Cloning Vector Database
A cloning vector database is simply a curated list of published and commercial vectors, often with maps and sequences. Labs check these to avoid rebuilding vectors that already exist.
Why Is pUC19 a Good Cloning Vector?
This is a common test/exam/Google question: why is pUC19 a good cloning vector?
Short answer:
- It’s small (easy to transform).
- It has a high-copy-number origin of replication.
- It contains an MCS within the lacZα gene, enabling blue/white screening.
- It has an ampicillin resistance gene for selection.
So pUC19 perfectly demonstrates the earlier principle: an ideal cloning vector should have ori, selectable marker, and an easy-to-use MCS.

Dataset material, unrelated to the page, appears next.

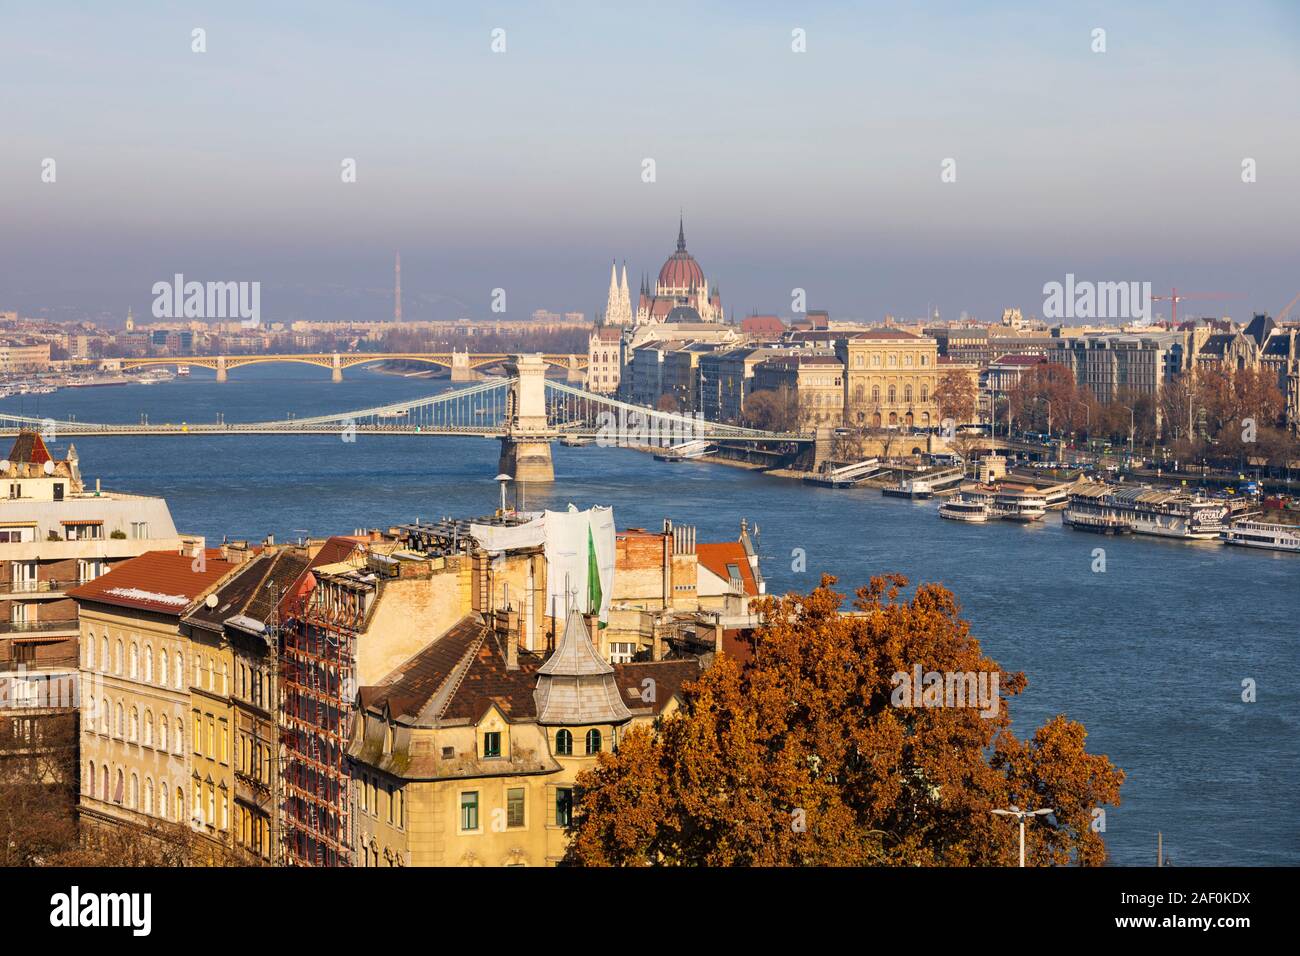 View across the River Danube to the Parliament Building and Chain Bridge. Winter in Budapest, Hungary. December 2019 Stock Photo
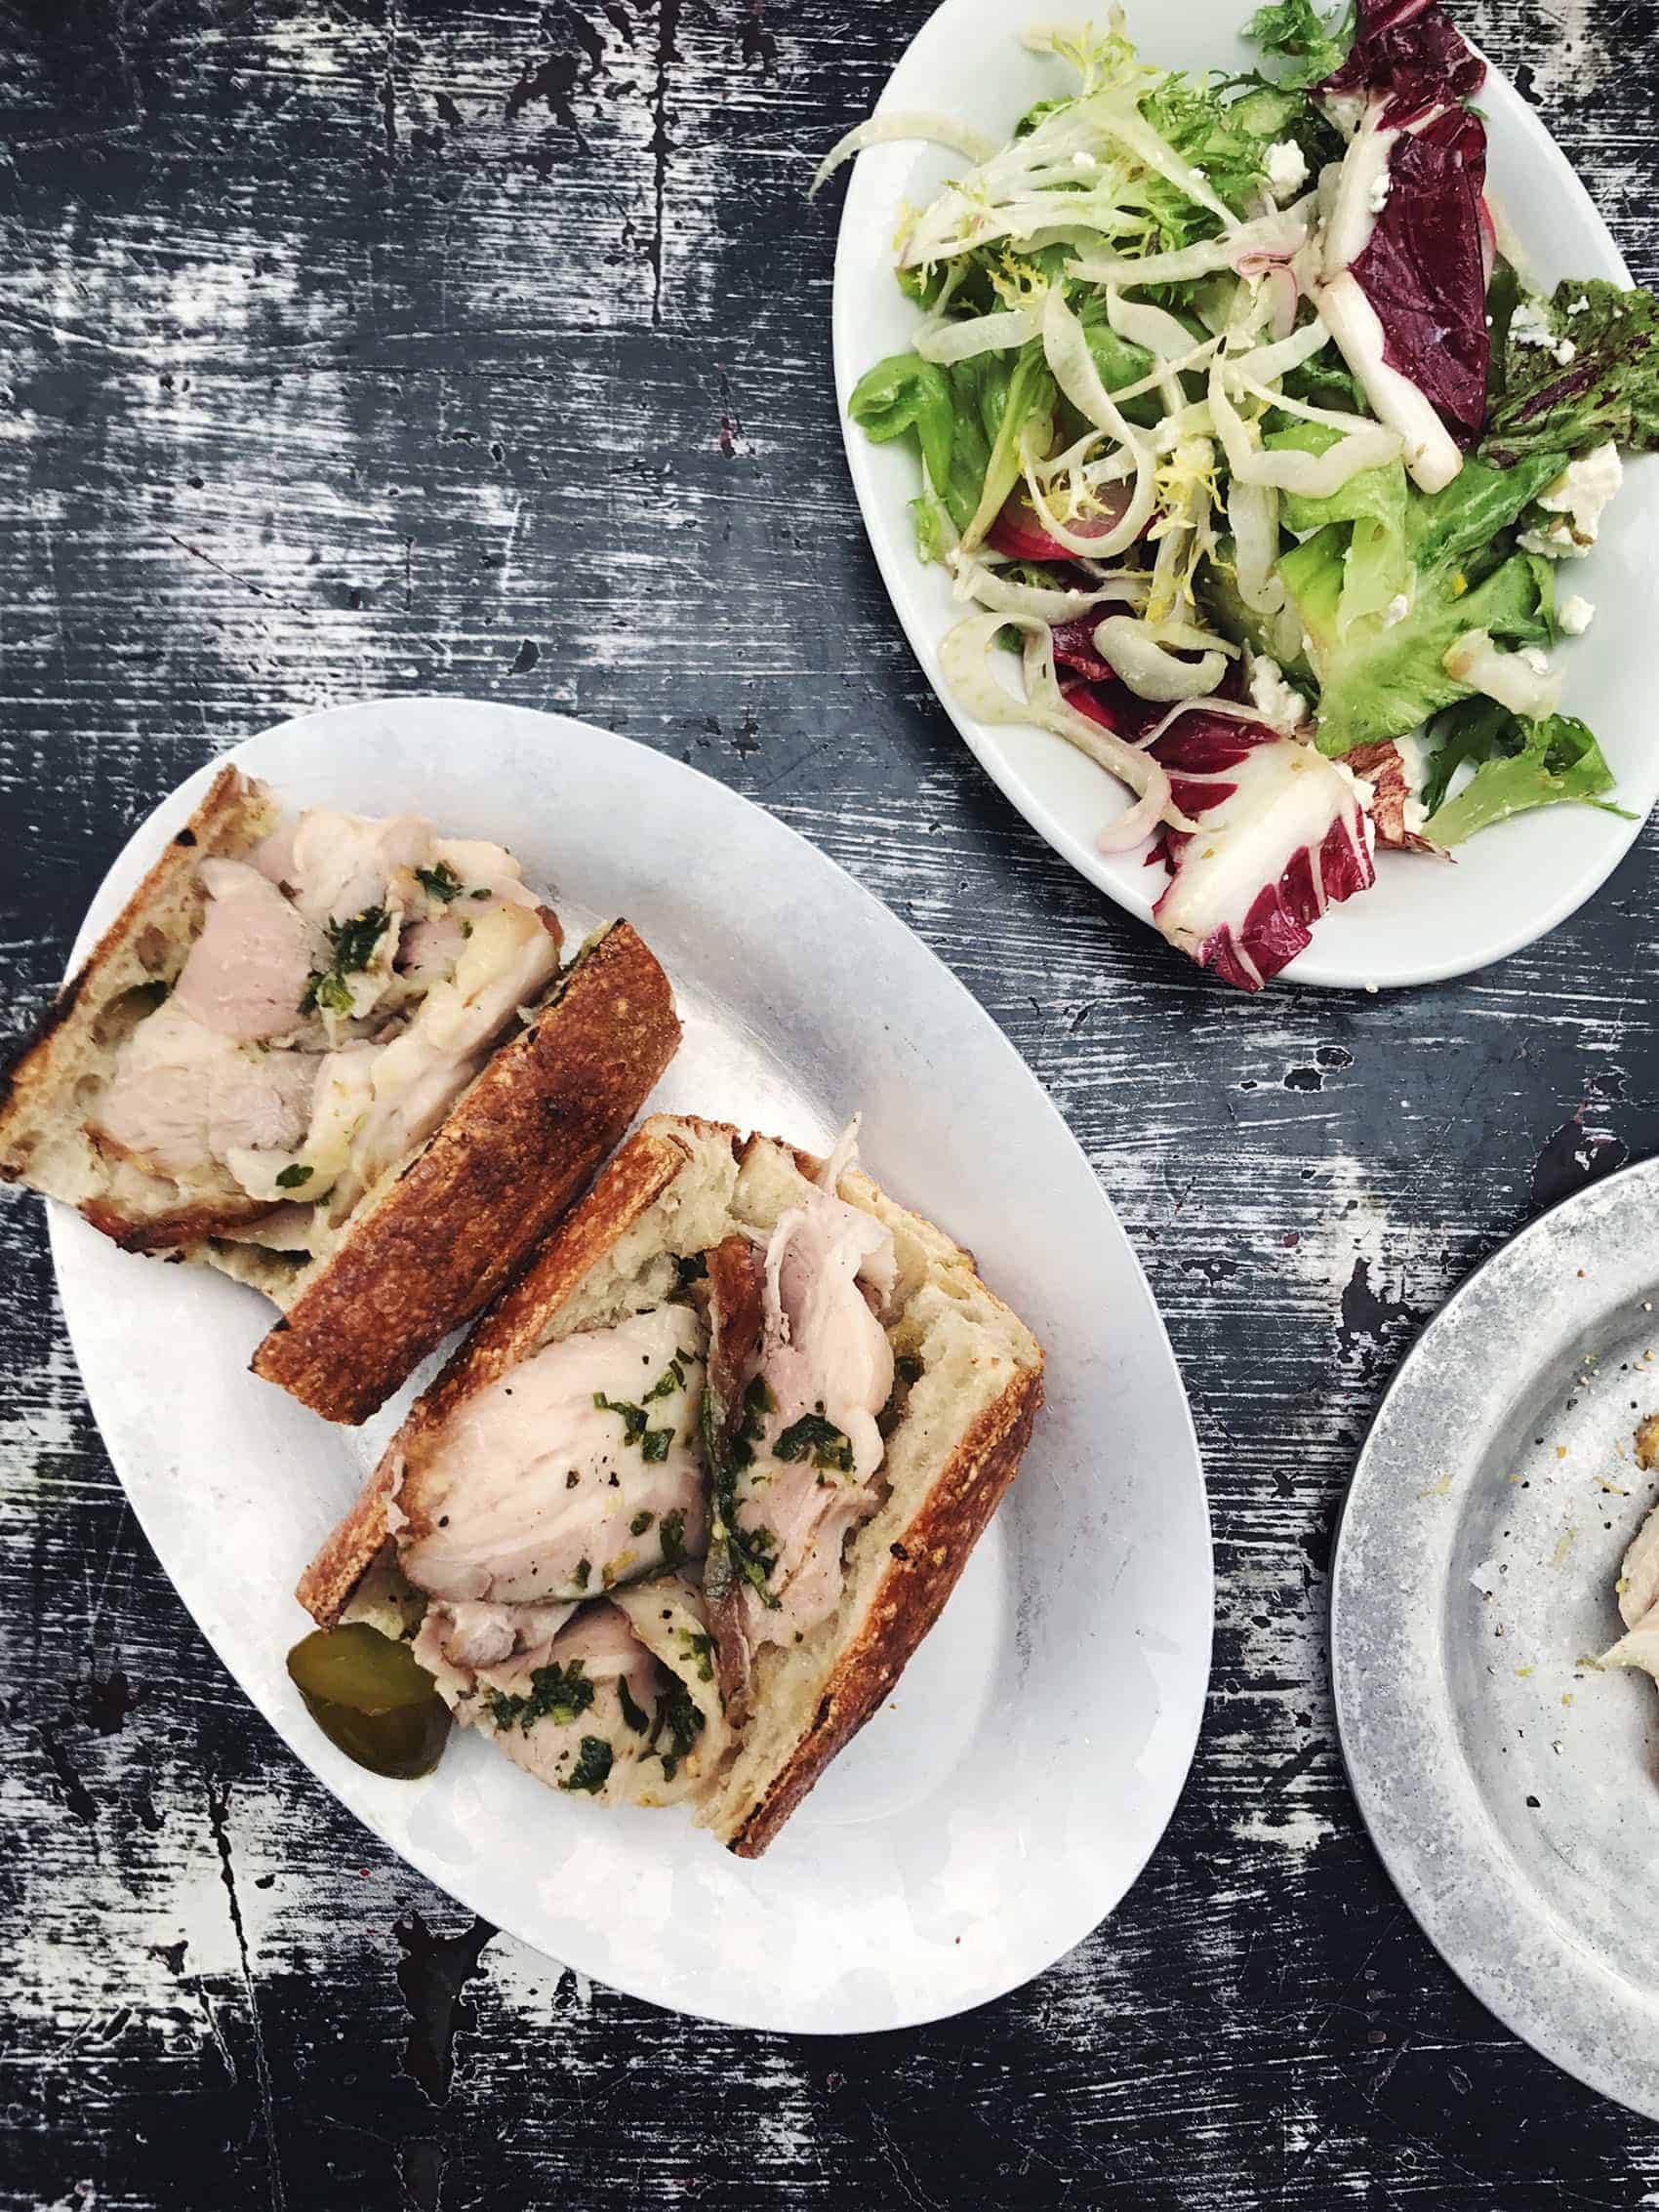 Lunch at Gjusta in Los Angeles | Porchetta sandwich with a side salad

How to Choose a Vector for Cloning
A good decision process is:
-
What host will maintain it?
If it’s E. coli, use a plasmid cloning vector or an E. coli cloning vector. If it’s yeast or plant, pick the corresponding eukaryotic cloning vectors. -
How big is the insert?
Small → plasmid. Bigger → bacteriophage lambda cloning vector or BAC-style vectors. -
Do you need to express it?
If yes, consider whether you need an expression vector, a lentiviral vector, or a mammalian cloning vector. -
Do you need to clone many variants fast?
Then consider Gateway cloning destination vector systems or topo/TA cloning vectors. -
Any regulatory/clinical requirement?
Then you may need a GMP cloning vector or at least a fully documented backbone.
Commonly Asked Questions:
1. What is a cloning vector?
A cloning vector is a small DNA molecule, such as a plasmid or phage, that carries foreign DNA into a host cell so it can be replicated and analyzed.
2. What is the difference between a cloning vector and an expression vector?
A cloning vector is for inserting and maintaining DNA; an expression vector is for producing RNA or protein from that DNA, usually in a specific host.
3. What are the essential components of a cloning vector?
An origin of replication, a selectable marker, and a multiple cloning site. Many also include a lacZ screenable marker.
4. Can bacteriophages be used as cloning vectors?
Yes. Bacteriophage lambda and M13 phage as cloning vector systems can carry larger inserts than many small plasmids.
5. How do TA cloning vectors work?
They have single T overhangs that ligate to PCR products made by Taq polymerase, which add A overhangs.
6. What is directional cloning into plasmid vectors?
It’s cloning with two different restriction sites so the insert can enter in only one orientation.
7. Can I clone sgRNA into a vector?
Yes. Many CRISPR backbones are designed as gRNA cloning vector or “cloning sgRNA into vector” systems where you ligate short guide sequences.
8. What is a cloning entry vector?
It’s the first vector in a multi-vector recombination system (like Gateway) where you park your insert before moving it into destination vectors.
9. Why do people use pJET or pDrive cloning vector?
Because they simplify PCR product cloning and often include positive-selection features.
10. Where can I find maps for common vectors?
You can use a cloning vector database or supplier websites to download ORF cloning vectors maps and annotated plasmid files.
Final note:
The whole logic of vector cloning is simple — keep DNA small, selectable, and easy to modify — but labs customize it according to host, insert, and downstream application.